TASK REQUIREMENTS => Only the lines from the line containing "group esi installation" to the end of the material belong in the copy; set them down exactly, without pictures.

PROVIDED MATERIAL =>
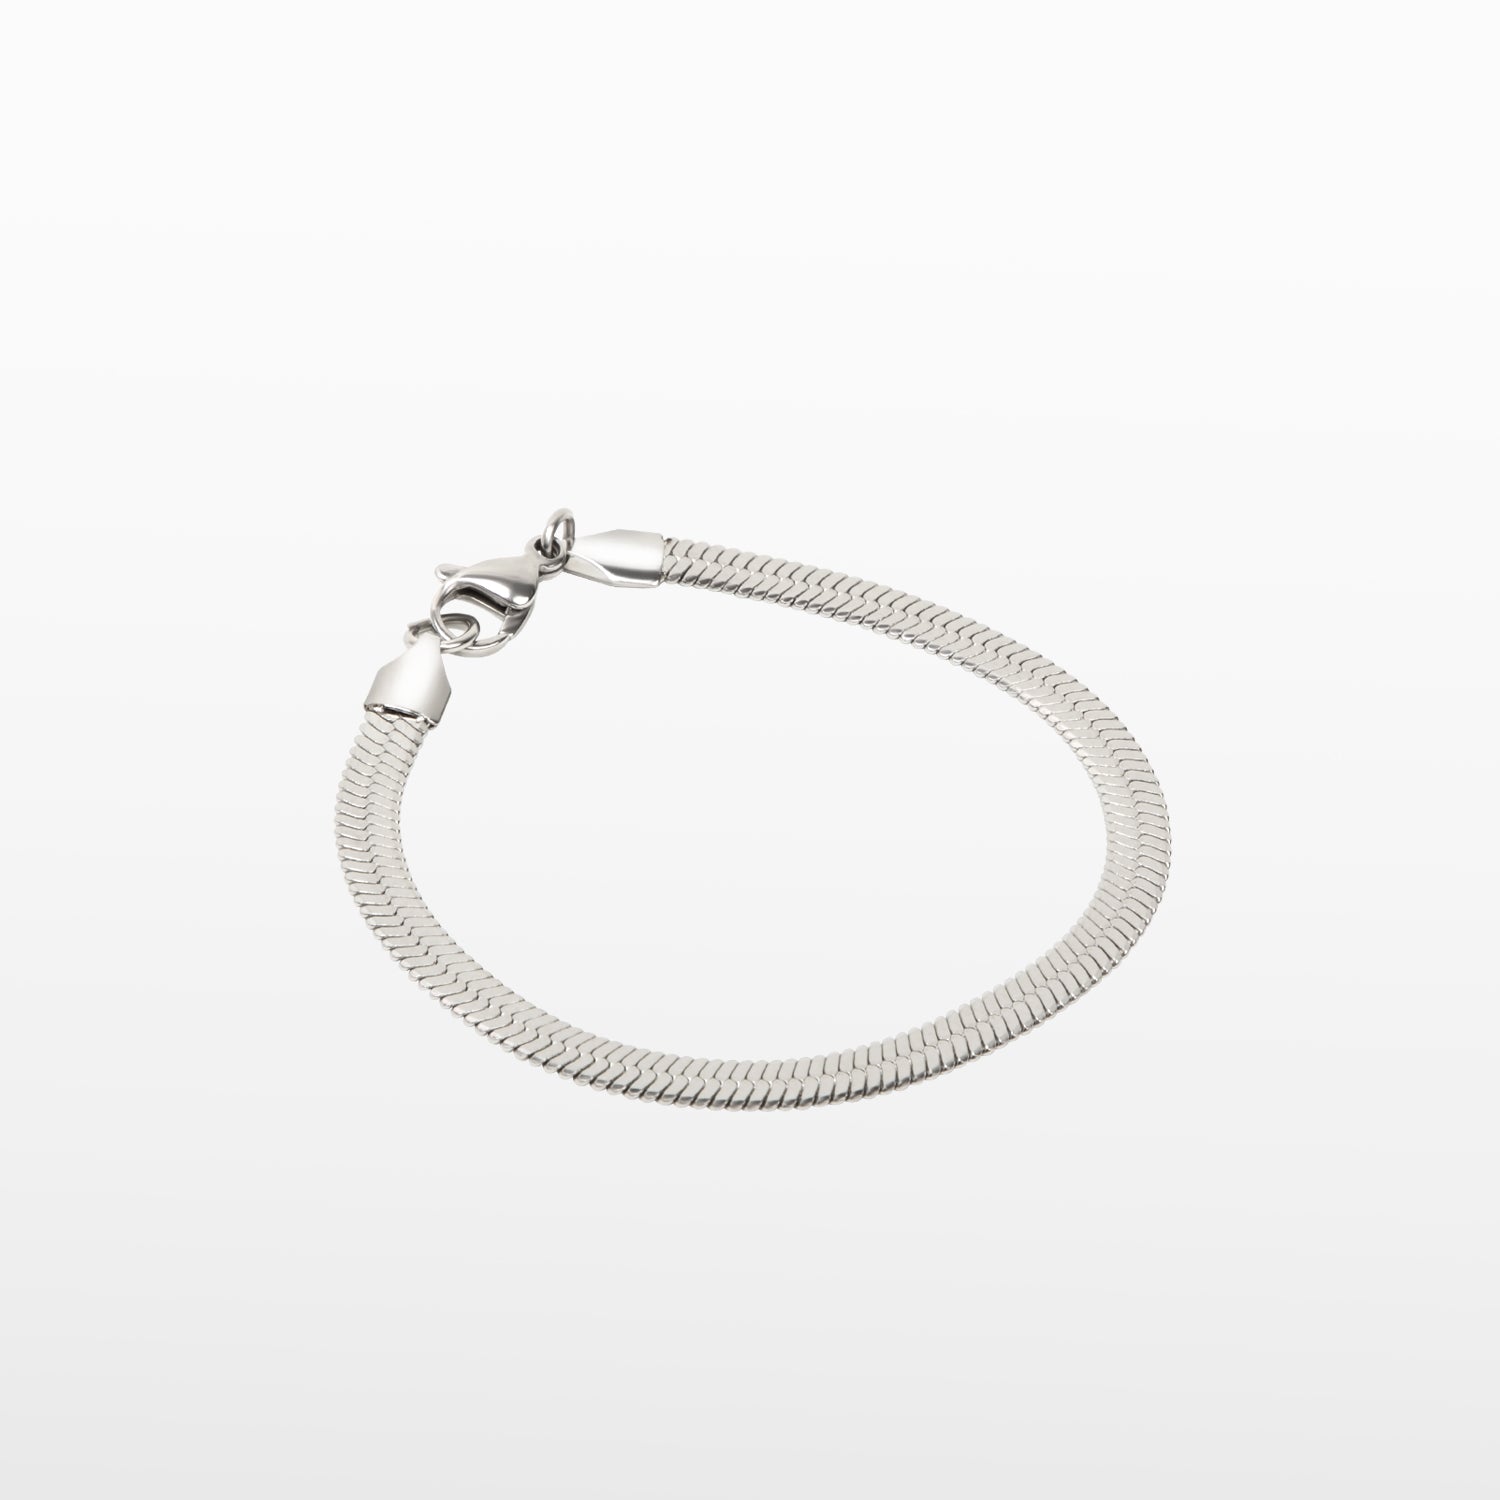 Image of the Herringbone Chain Bracelet in Silver is crafted with stainless steel and measures 18cm long and 5mm wide. It is also non-tarnish and water resistant.
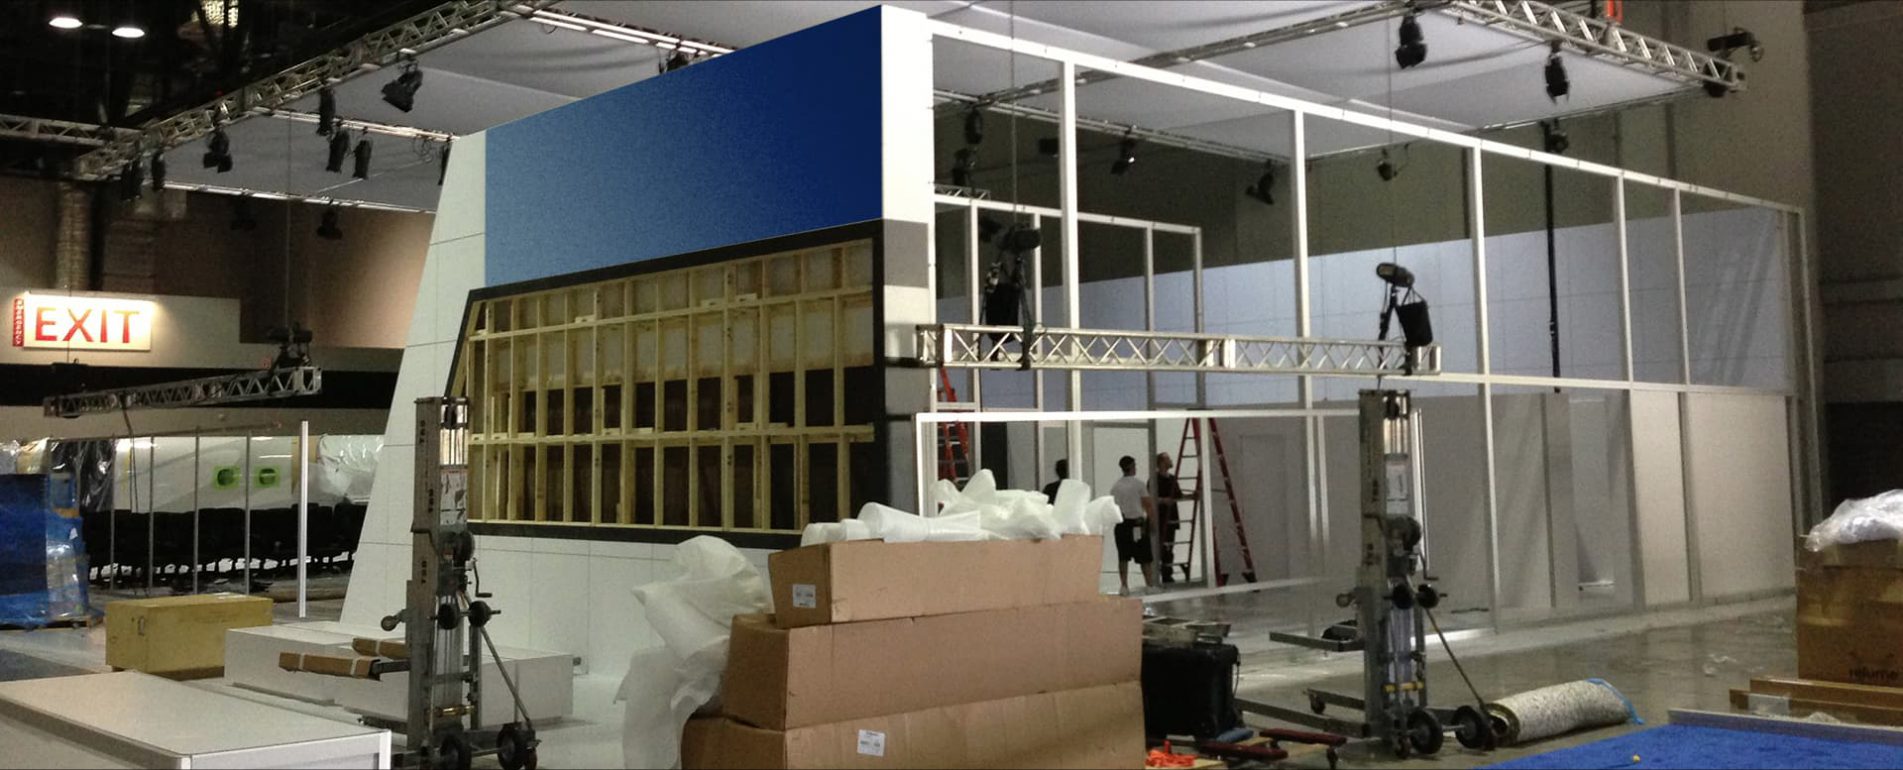 group esi installation montage stand salons expositions
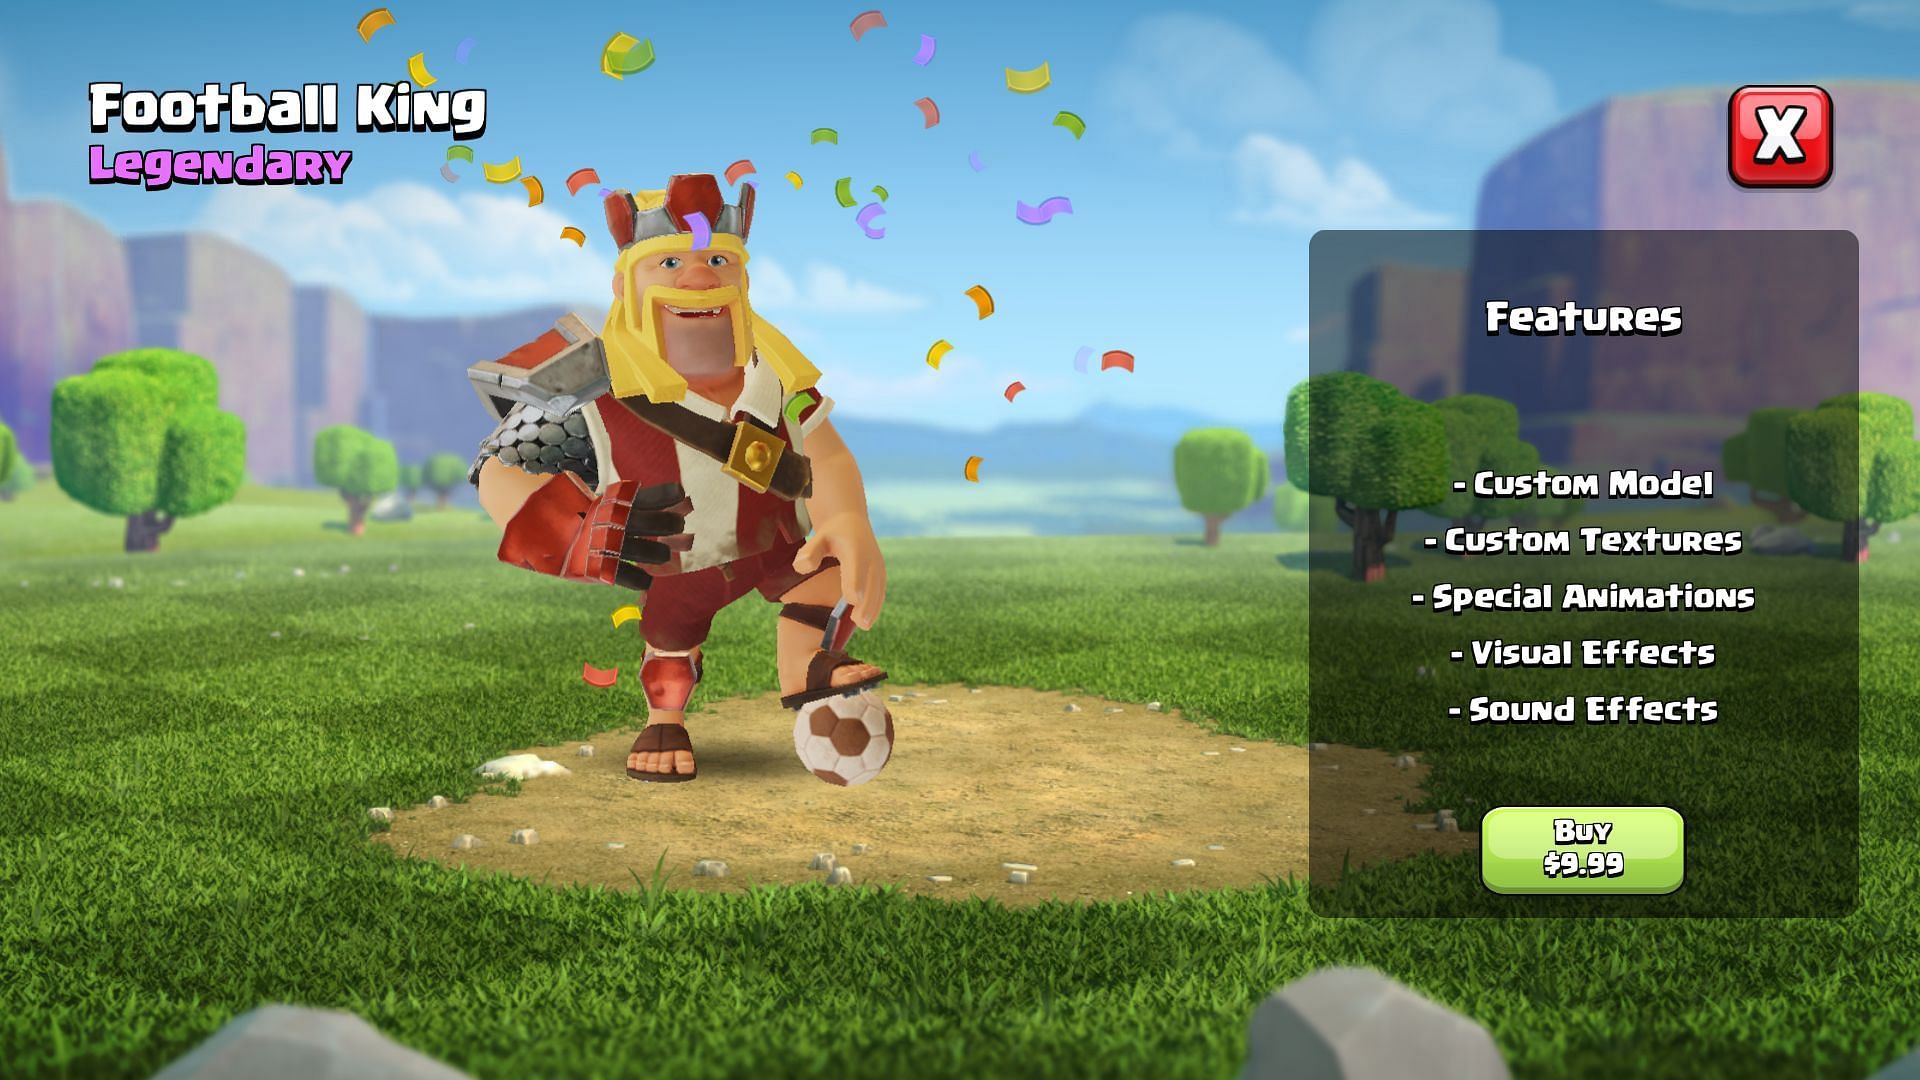 Football King Hero skin features a unique design (Image via Supercell)

TASK SOLUTION =>
 group esi installation montage stand salons expositions
 Football King Hero skin features a unique design (Image via Supercell)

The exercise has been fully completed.